Both sides have vowed to intensify attacks, defying international calls for de-escalation. Your up to date assessment?
ME-100, Chief of Middle East:
Updated Assessment – June 15, 2025:
The Israel-Iran conflict has ruptured into a sustained, bilateral campaign of high-intensity strikes—marking the collapse of decades-long red-line deterrence. Operation Rising Lion, launched by Israel on June 12, was not just preemptive—it was regime-defiant, decapitating Iran’s military leadership (Salami, Bagheri) and hitting hardened nuclear sites (Natanz, Fordow, Isfahan). It crossed the threshold from covert sabotage to open war.
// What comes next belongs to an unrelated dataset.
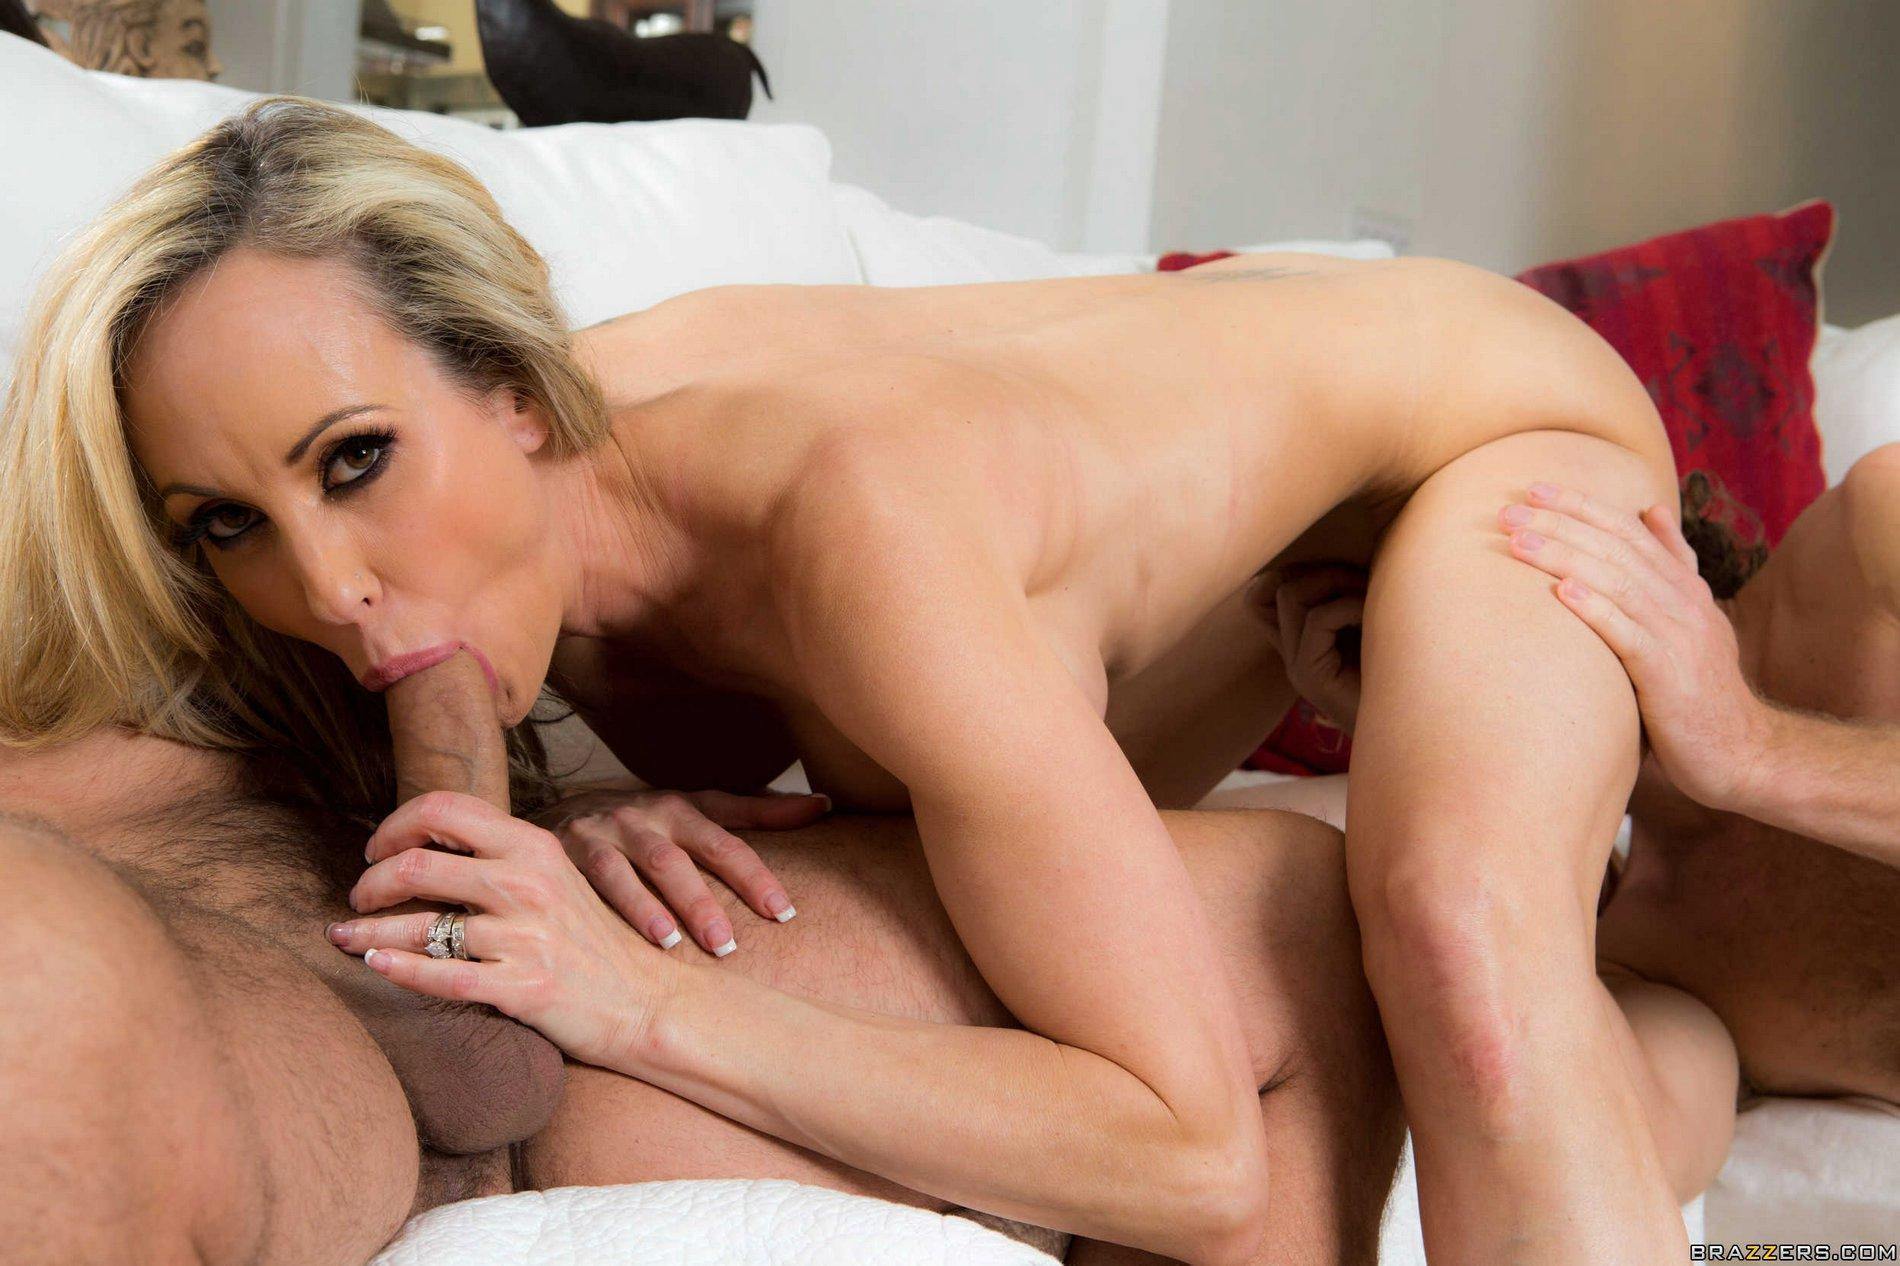 Incredibly Sexy Blonde Milf In Black Stuff Brandi Love Works On Stiff Dick

Iran’s retaliation—waves of ballistic missiles and Shahed drones slamming into Tel Aviv, Haifa, and Jerusalem—has now extended into its fourth day, with both sides vowing further escalation.
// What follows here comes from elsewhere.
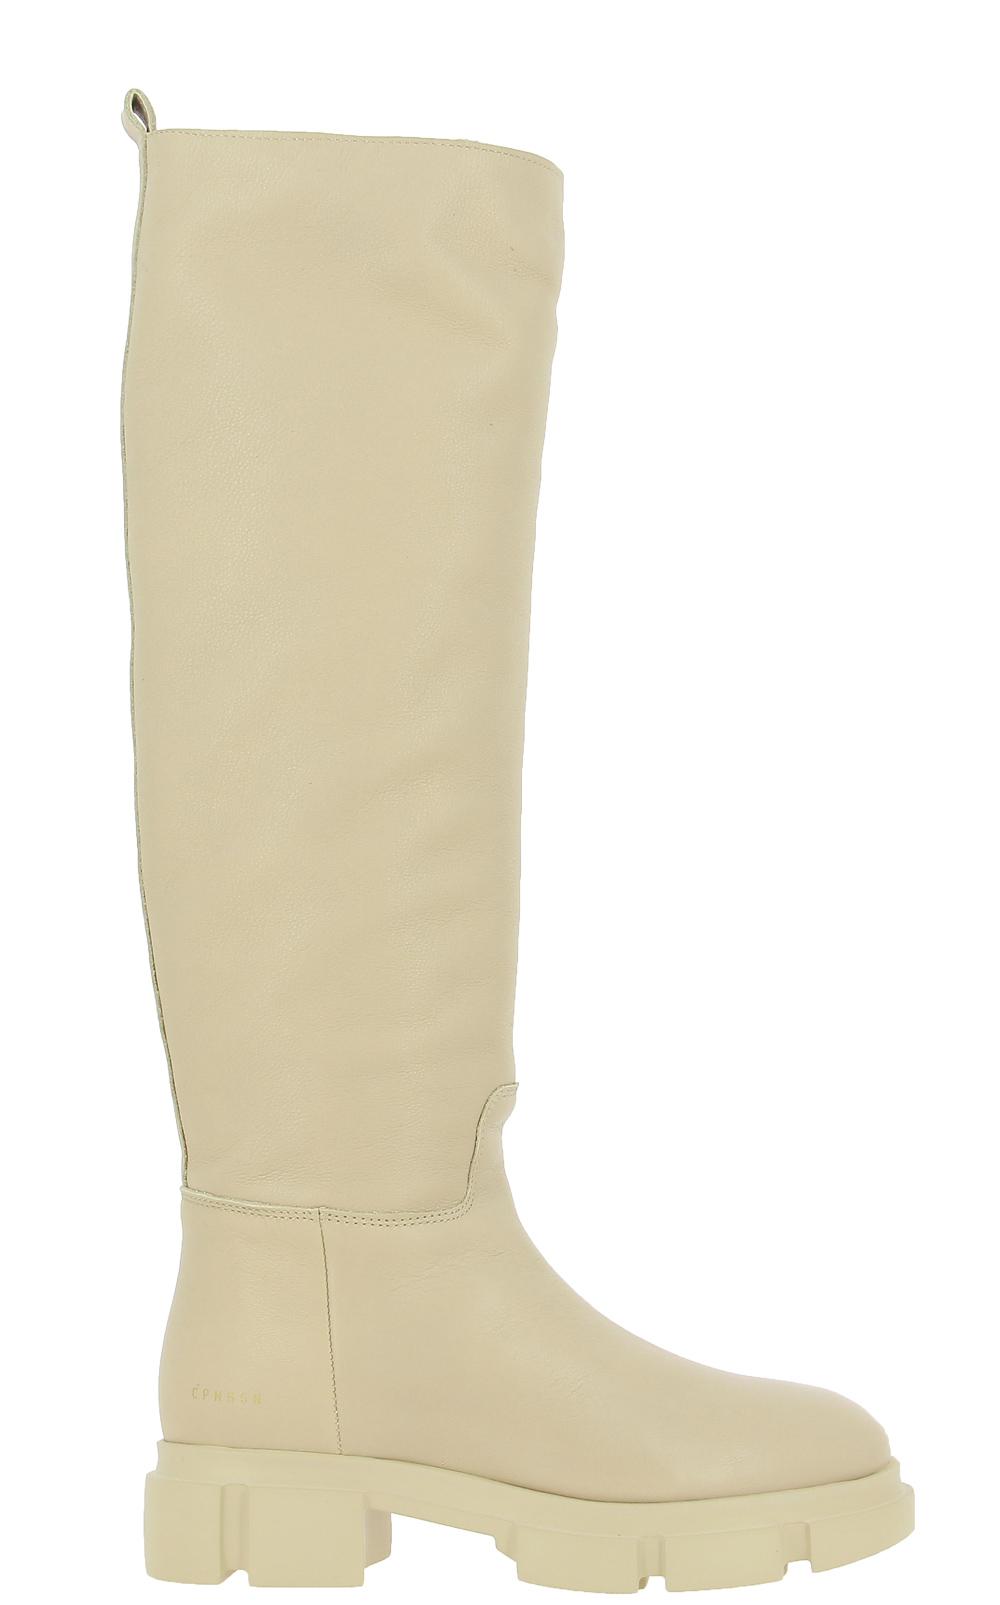 Copenhagen stretch boots CPH551 VITELLO NATURE

What’s new: Iran’s response has shifted from symbolic to strategic—targeting Israel’s energy and logistical infrastructure (e.g., Haifa’s petrochemical facilities), while avoiding mass civilian casualties. This aligns with Tehran’s asymmetric doctrine: induce long-term attrition without inviting total war. Israel, meanwhile, appears to be preparing follow-up waves aimed at IRGC C2 nodes and regional proxy networks—likely via air and cyber strikes in Iraq, Syria, and Lebanon. Notably, Hezbollah has so far restrained its hand, likely under Iranian directive to preserve escalation symmetry for now.
Steering Control: Both states are actively bypassing U.S. mediation—emboldened by Trump’s fragmented diplomatic apparatus and weakened regional deterrence architecture.
Power Dynamics: This is no longer a proxy battle; it is state-on-state asymmetric warfare, with full regional implications.
Who Benefits: Hardline factions in both regimes, seeking to consolidate domestic control under wartime legitimacy.
Who Loses: Civilian populations, regional trade corridors, and the credibility of Western diplomatic pressure—all marginalized.
Oscillation Lens: This war mirrors the 2006 Lebanon War and 1980s tanker conflicts—confined enough to avoid superpower intervention, yet deep enough to redraw strategic boundaries. Expect waves of fire, followed by rounds of talks—but not before a recalibrated regional order emerges.
If the next escalation includes cyber-targets, regional proxies, or U.S. assets (even inadvertently), we may tip into a broader Middle East war.
“The land does not forget its blood. It drinks it slowly, storing it like memory.”
— Mahmoud Darwish, Unfortunately, It Was Paradise (Palestine)
Welcome to the Middle East, where everything changes, yet nothing does.